_EXERCISE DIRECTIONS_:
Only the lines from the one containing "Pa Gambling Machines In Bars" to the end of the data below belong in the answer, each repeated exactly; no pictures.

_SUPPLIED INFORMATION_:
·····

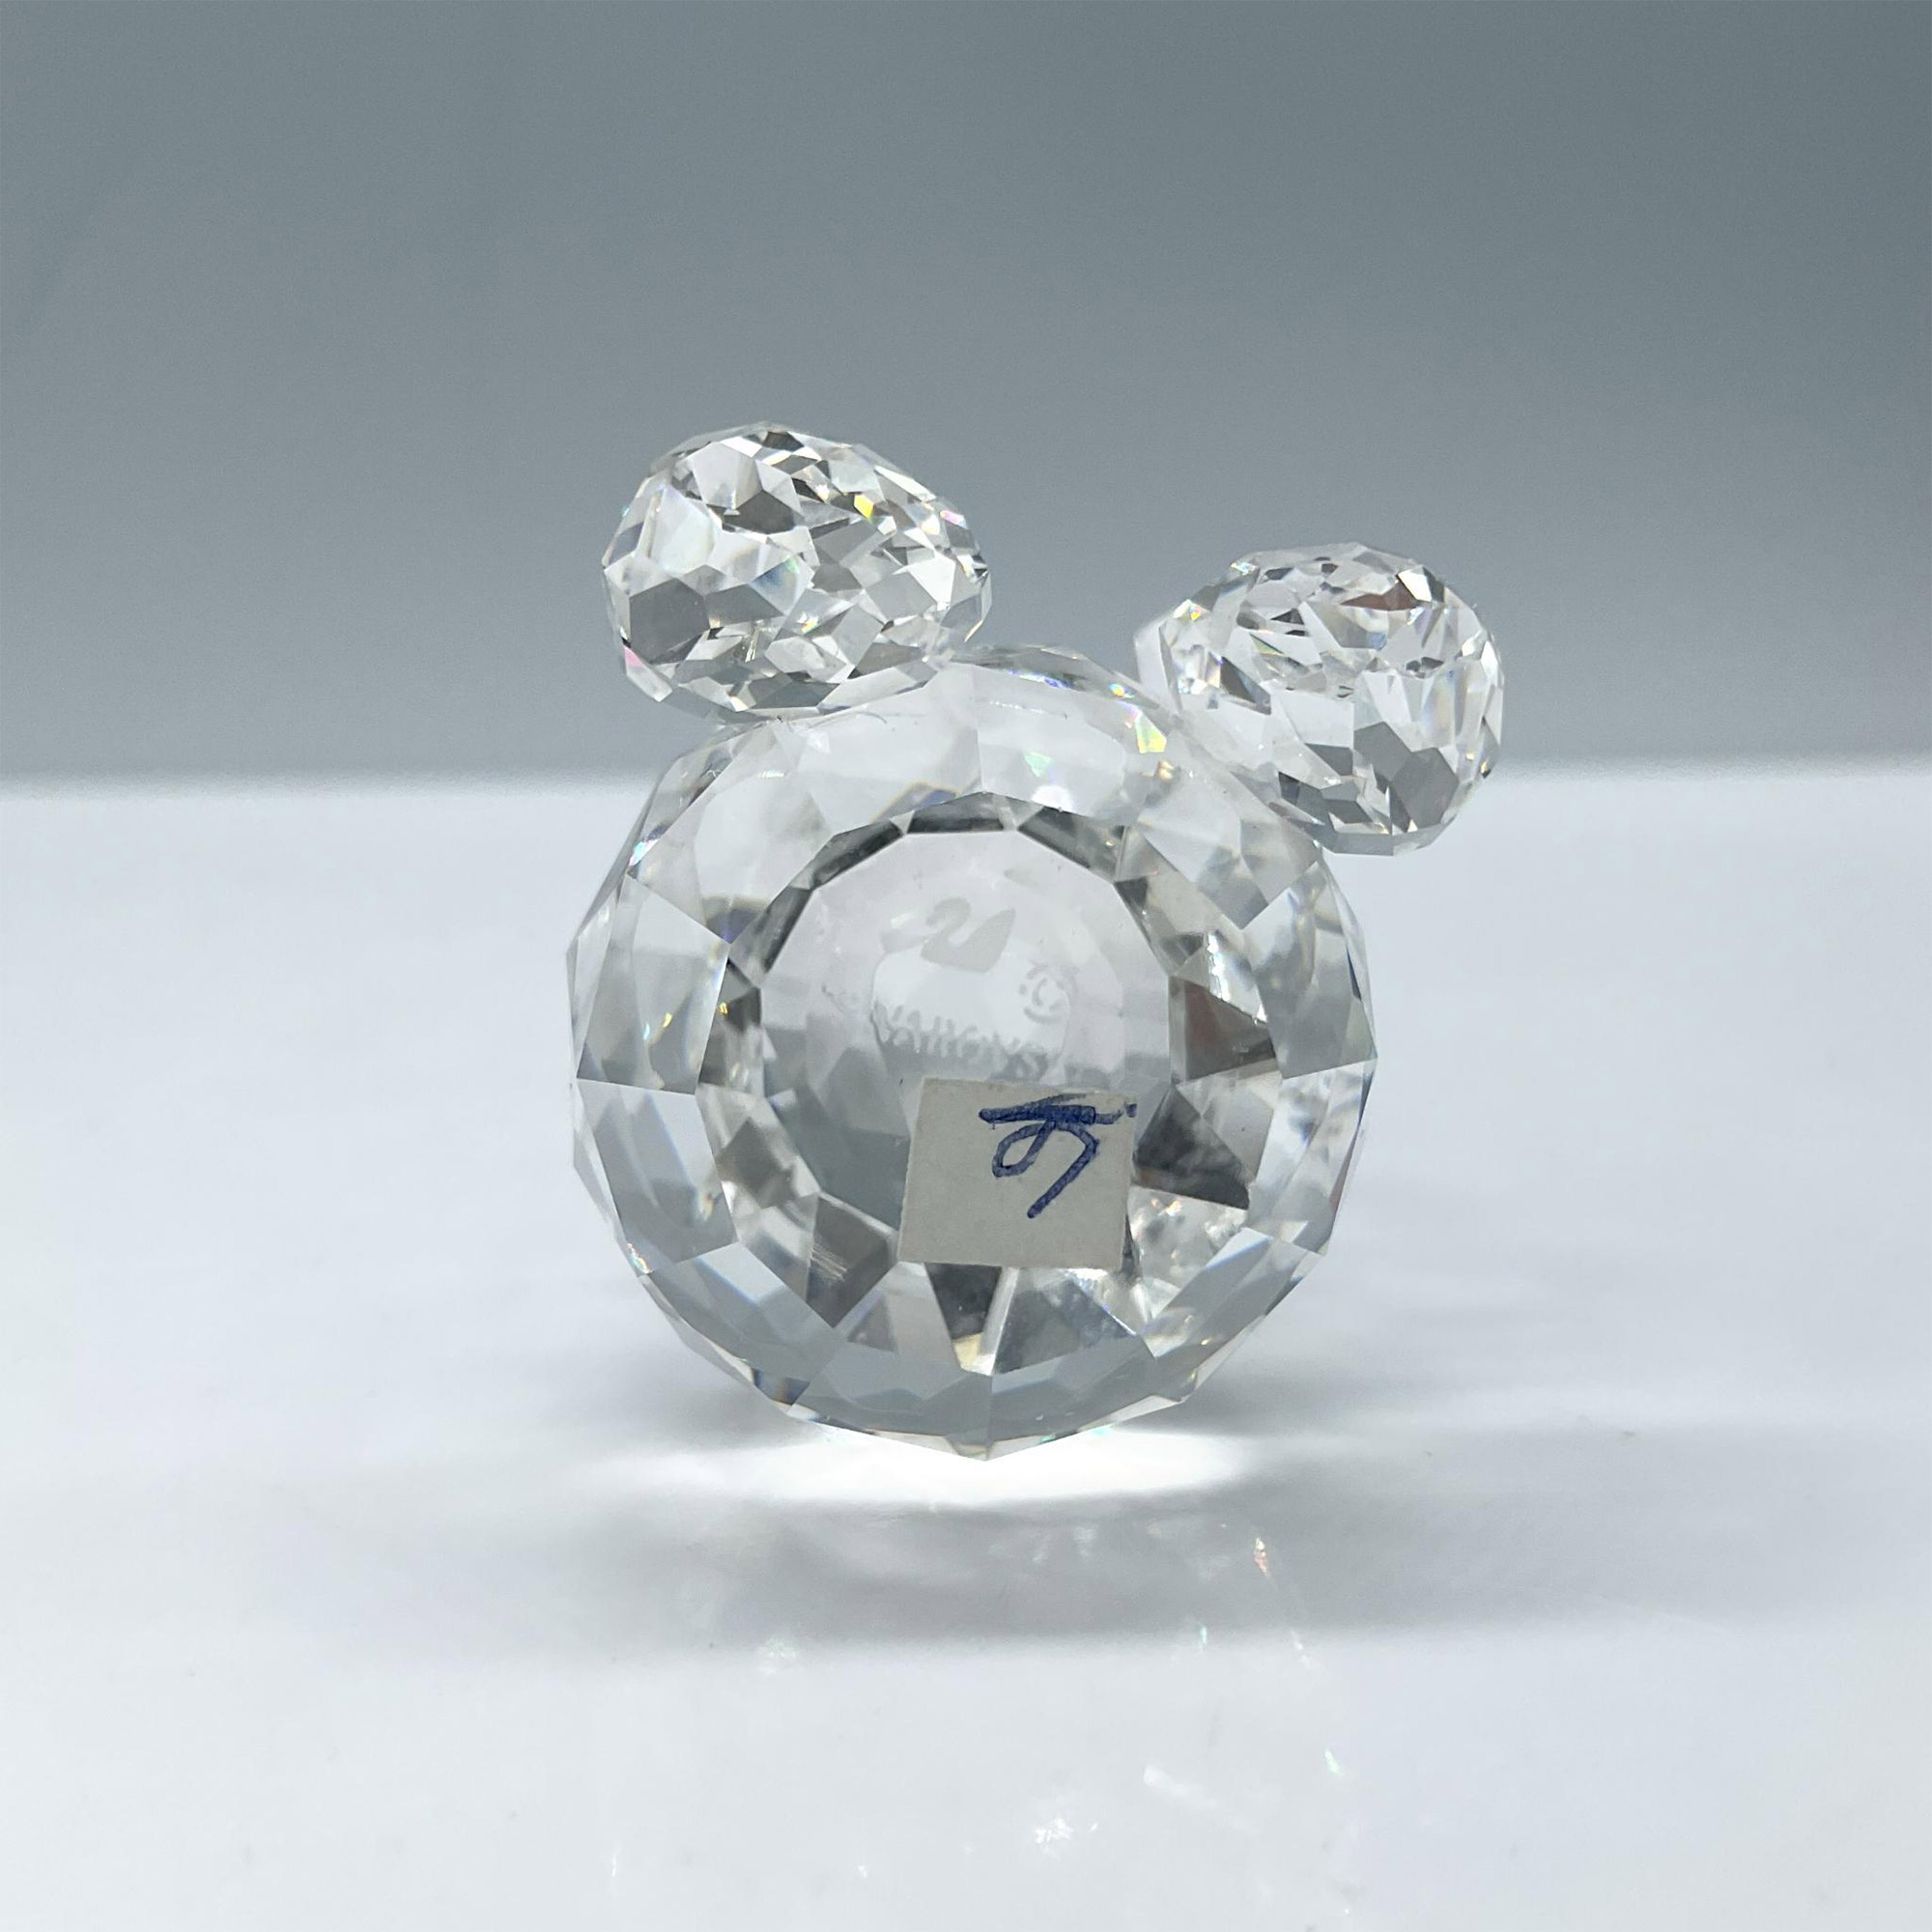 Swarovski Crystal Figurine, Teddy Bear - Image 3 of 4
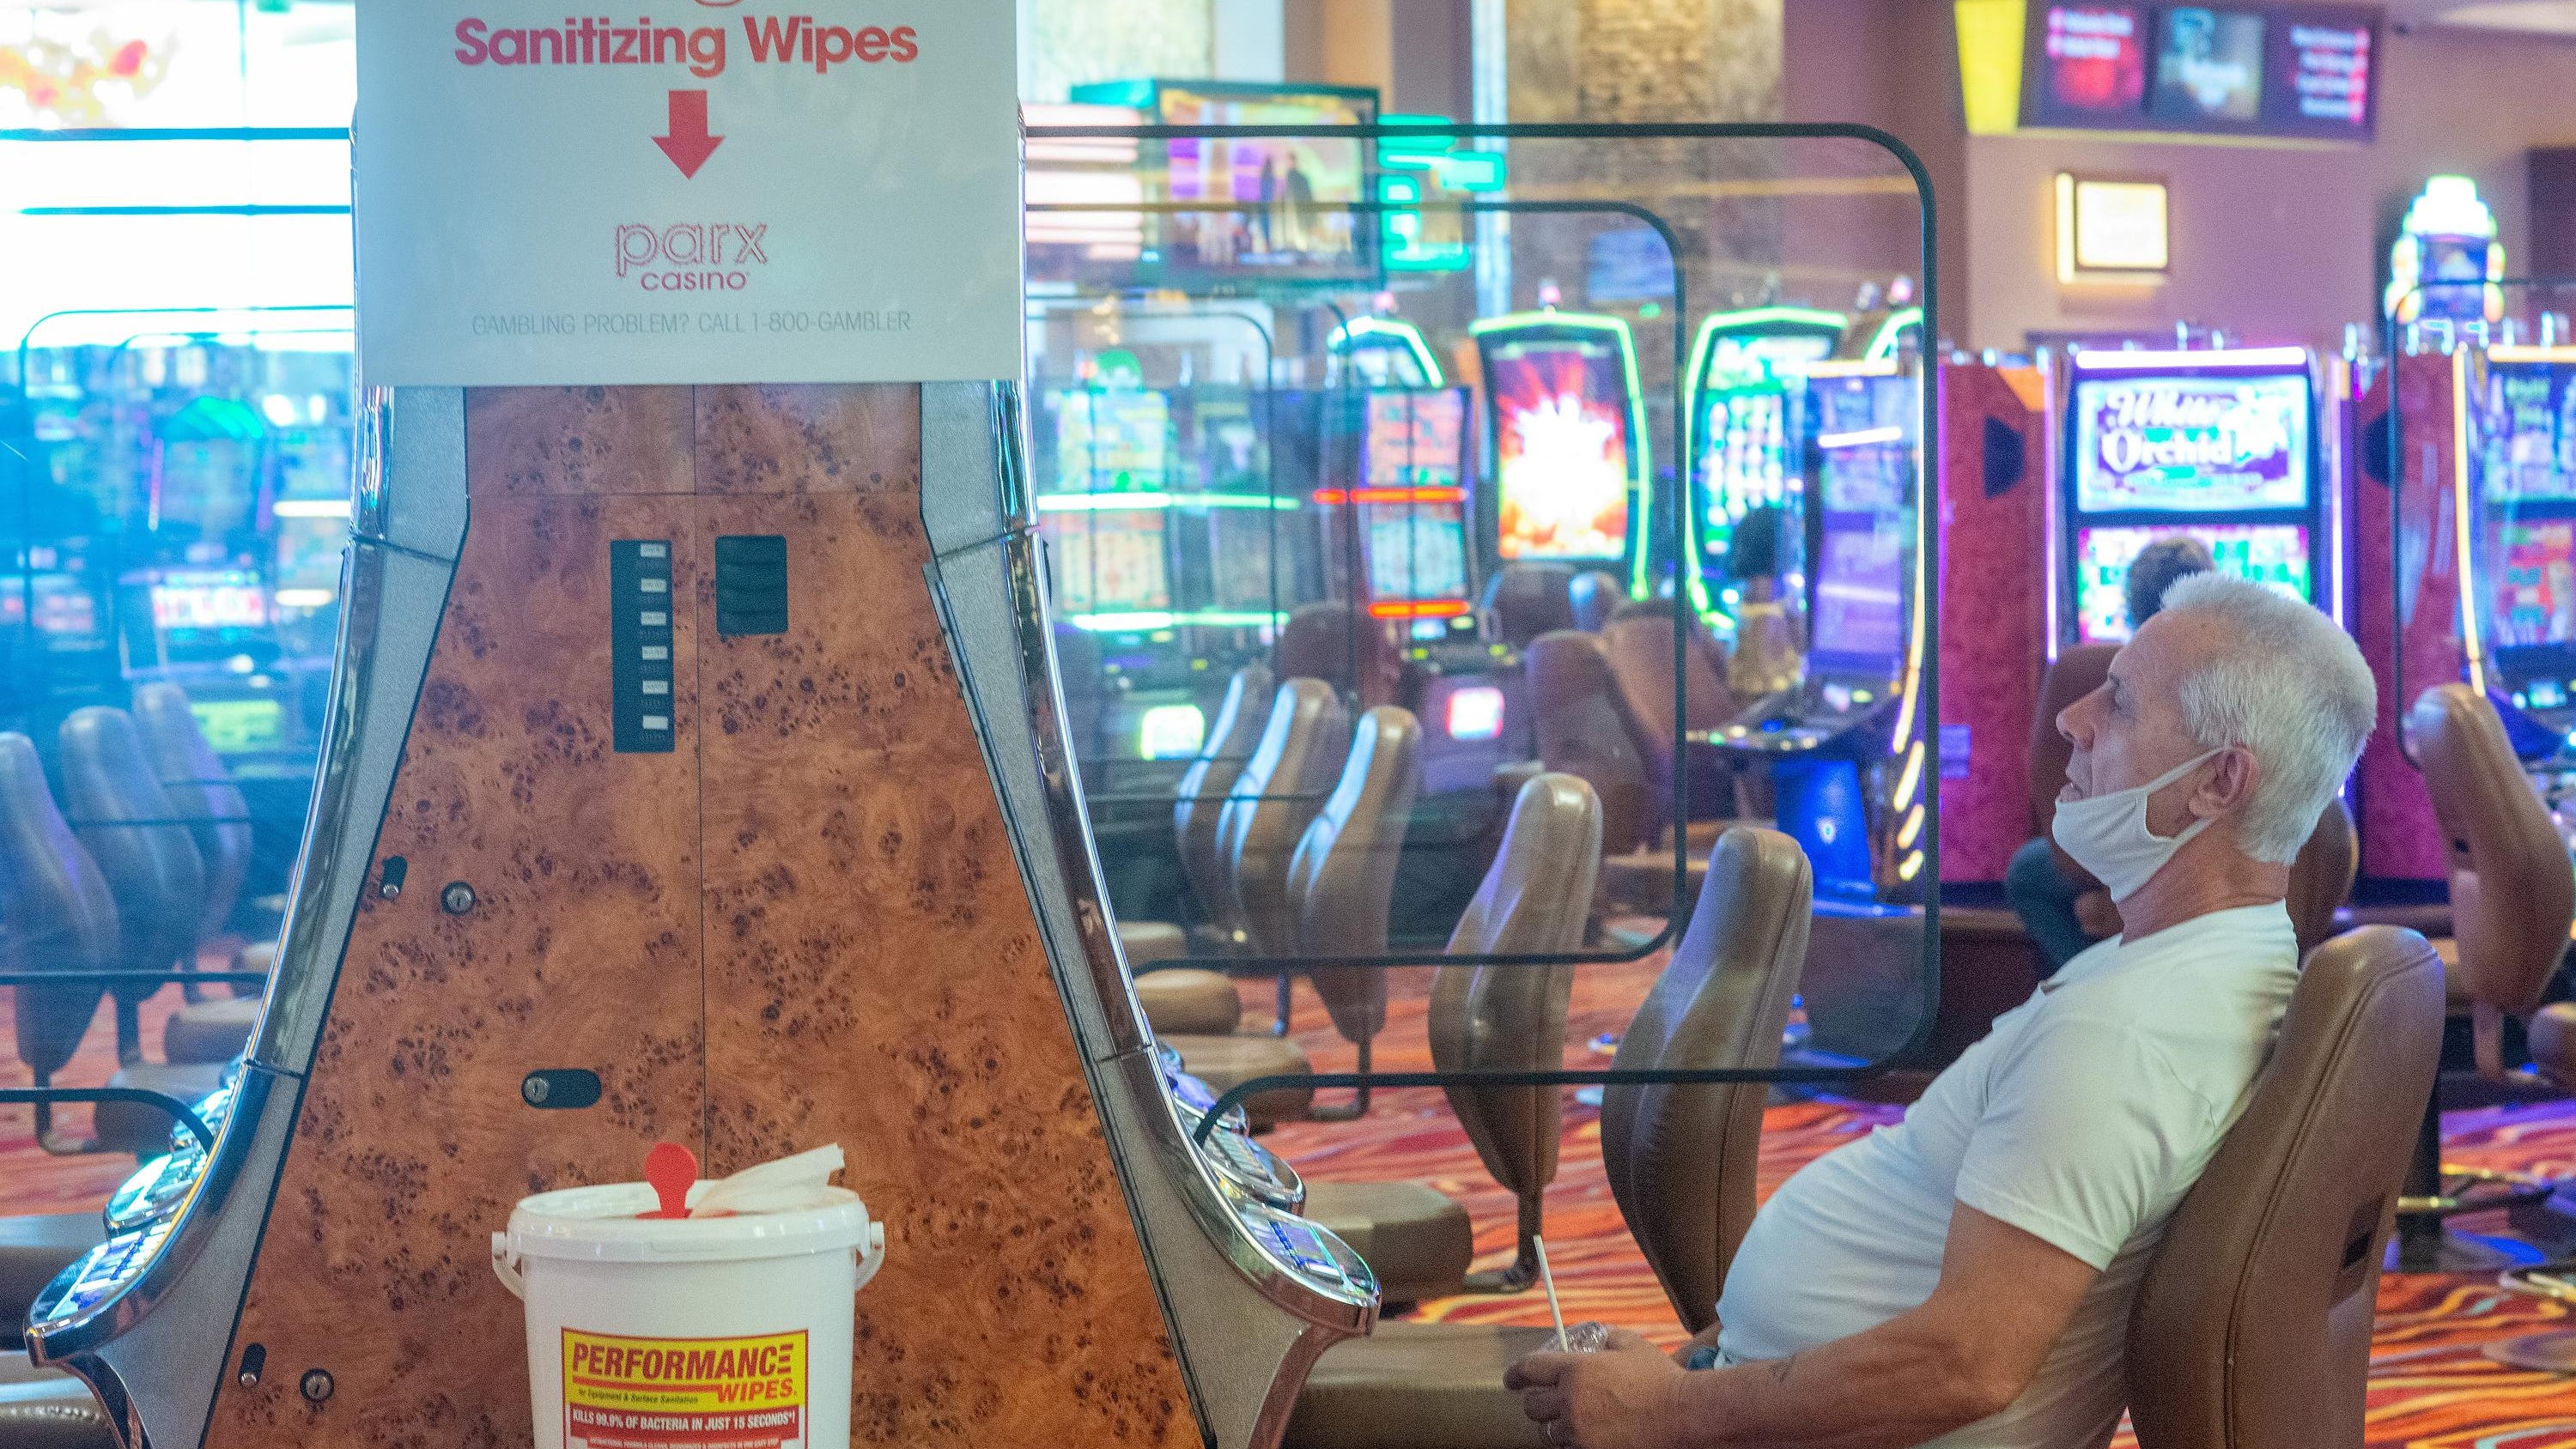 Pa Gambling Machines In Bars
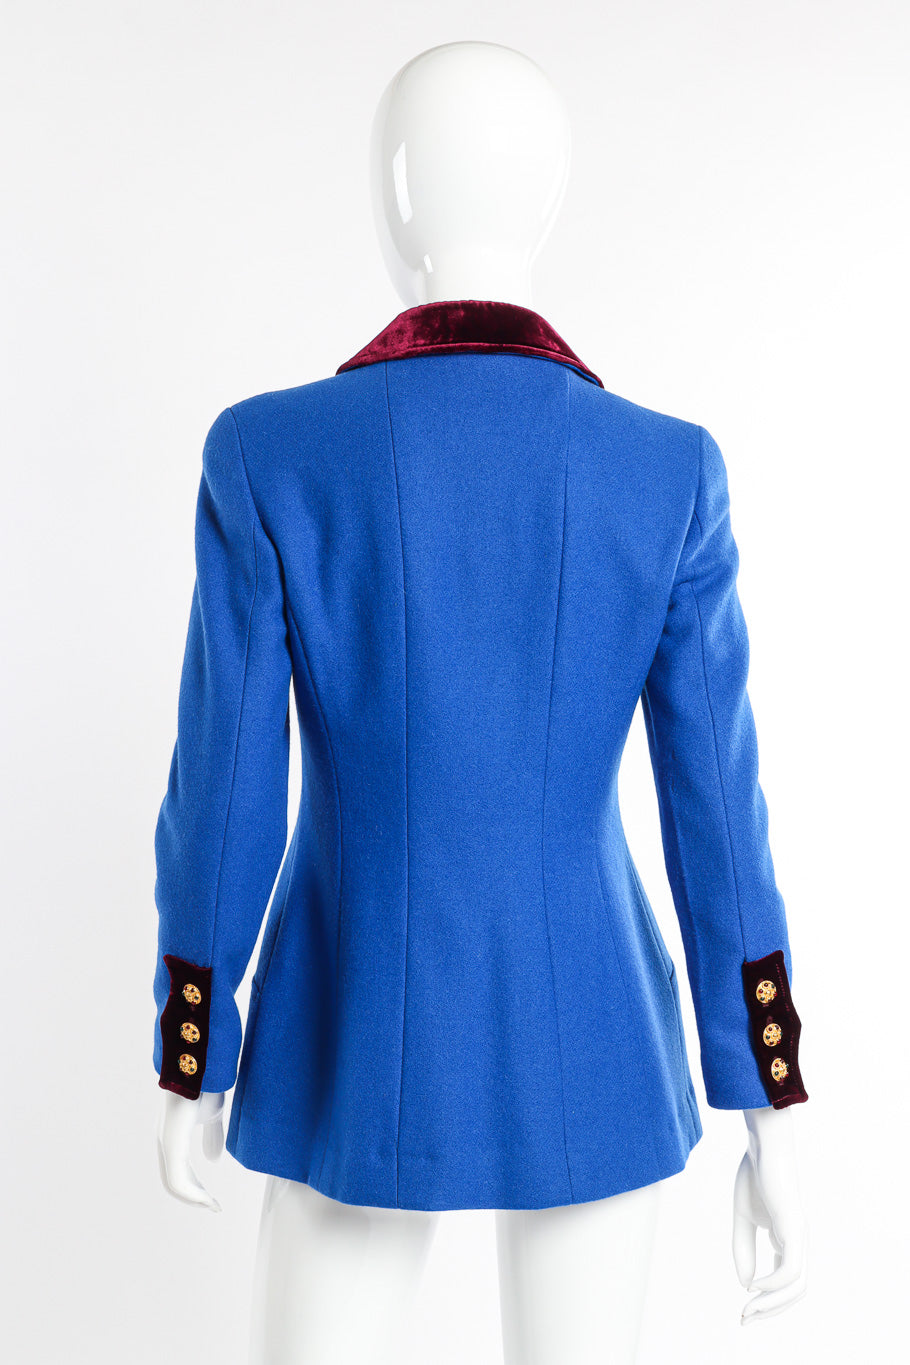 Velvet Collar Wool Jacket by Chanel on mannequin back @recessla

·····

_YOUR RESPONSE_:
 Pa Gambling Machines In Bars
 Velvet Collar Wool Jacket by Chanel on mannequin back @recessla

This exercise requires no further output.